TLC International Law > International law  > 7 Key Points to Consider When Drafting a Non-Disclosure Agreement (NDA)

7 Key Points to Consider When Drafting a Non-Disclosure Agreement (NDA)

Non-disclosure agreements (NDAs) play a crucial role in protecting confidential information, especially in business relationships where sensitive data is exchanged. However, many people overlook important legal and practical details when preparing these agreements. A well-drafted NDA should clearly define the parties involved, the scope of the confidential information, the permitted use, the duration of the obligations, applicable law, and potential consequences in the event of a breach. In this blog, we highlight the most important elements you should pay attention to when drafting or reviewing an NDA.

  1. Clearly Identify the Parties

As with any legal agreement, an NDA must begin by clearly identifying all parties involved. For individuals, include full names and contact details; for companies, use the full legal name, registered address, and, if applicable, company registration number.

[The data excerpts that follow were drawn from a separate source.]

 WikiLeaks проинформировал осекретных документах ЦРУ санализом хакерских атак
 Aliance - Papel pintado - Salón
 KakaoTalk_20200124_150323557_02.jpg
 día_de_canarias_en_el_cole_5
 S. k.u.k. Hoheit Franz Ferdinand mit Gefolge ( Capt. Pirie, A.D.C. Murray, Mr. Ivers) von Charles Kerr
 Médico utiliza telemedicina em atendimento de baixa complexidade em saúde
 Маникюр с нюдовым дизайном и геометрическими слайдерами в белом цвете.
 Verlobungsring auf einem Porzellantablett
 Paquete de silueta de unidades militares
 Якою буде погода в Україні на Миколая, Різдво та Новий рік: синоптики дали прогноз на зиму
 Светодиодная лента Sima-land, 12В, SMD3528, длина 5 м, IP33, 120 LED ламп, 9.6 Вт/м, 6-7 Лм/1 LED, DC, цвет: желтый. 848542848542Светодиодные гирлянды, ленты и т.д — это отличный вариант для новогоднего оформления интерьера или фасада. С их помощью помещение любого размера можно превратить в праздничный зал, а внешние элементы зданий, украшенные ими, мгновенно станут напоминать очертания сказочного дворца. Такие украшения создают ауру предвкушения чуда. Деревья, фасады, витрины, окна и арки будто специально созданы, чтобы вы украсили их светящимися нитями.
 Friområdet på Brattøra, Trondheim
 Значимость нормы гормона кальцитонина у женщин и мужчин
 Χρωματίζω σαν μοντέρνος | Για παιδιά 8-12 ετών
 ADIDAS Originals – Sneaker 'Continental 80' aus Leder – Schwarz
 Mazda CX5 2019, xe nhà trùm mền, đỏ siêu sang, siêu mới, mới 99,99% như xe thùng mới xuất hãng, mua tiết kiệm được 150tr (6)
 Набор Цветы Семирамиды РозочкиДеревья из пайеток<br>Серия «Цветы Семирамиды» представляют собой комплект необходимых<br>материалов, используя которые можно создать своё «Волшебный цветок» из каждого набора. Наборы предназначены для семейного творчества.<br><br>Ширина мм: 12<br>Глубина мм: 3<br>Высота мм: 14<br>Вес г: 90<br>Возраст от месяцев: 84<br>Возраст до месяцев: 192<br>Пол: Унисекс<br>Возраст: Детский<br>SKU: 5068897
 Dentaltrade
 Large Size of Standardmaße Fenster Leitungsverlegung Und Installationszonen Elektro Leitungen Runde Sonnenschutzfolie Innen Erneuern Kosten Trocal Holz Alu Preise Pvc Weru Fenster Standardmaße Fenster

It is also important to ensure that the person signing the NDA has the proper authority to represent the entity they are signing on behalf of.

  1. Define What Constitutes “Confidential Information”

Arguably the most essential part of the NDA is how it defines “confidential information.” If the definition is too narrow, some sensitive data may fall outside the agreement’s protection; too broad, and enforceability may become problematic. A good definition will outline the types of information covered (written, oral, visual, electronic, etc.) and, where appropriate, include concrete examples relevant to the specific industry or project.

  1. Purpose and Permitted Use of Information

The NDA should clearly state the specific purpose for which the confidential information is being disclosed. For example, is it for the evaluation of a potential partnership or investment? Can the information be shared internally or with consultants? Clarifying these aspects in advance can help avoid disputes later on.

  1. Duration of the Agreement and the Confidentiality Obligation

It is important to distinguish between the term of the agreement itself and the period during which the confidentiality obligation applies. The NDA may be valid for one year, while the obligation to keep information confidential could last for five years. Be explicit about both timelines to avoid ambiguity.

  1. Exceptions to Confidentiality

Well-drafted NDAs also include exceptions—information that will not be considered confidential. Typical examples include information already in the public domain, information independently developed by the receiving party, or disclosures required by law or court order. These exceptions should be clearly and carefully articulated in the agreement.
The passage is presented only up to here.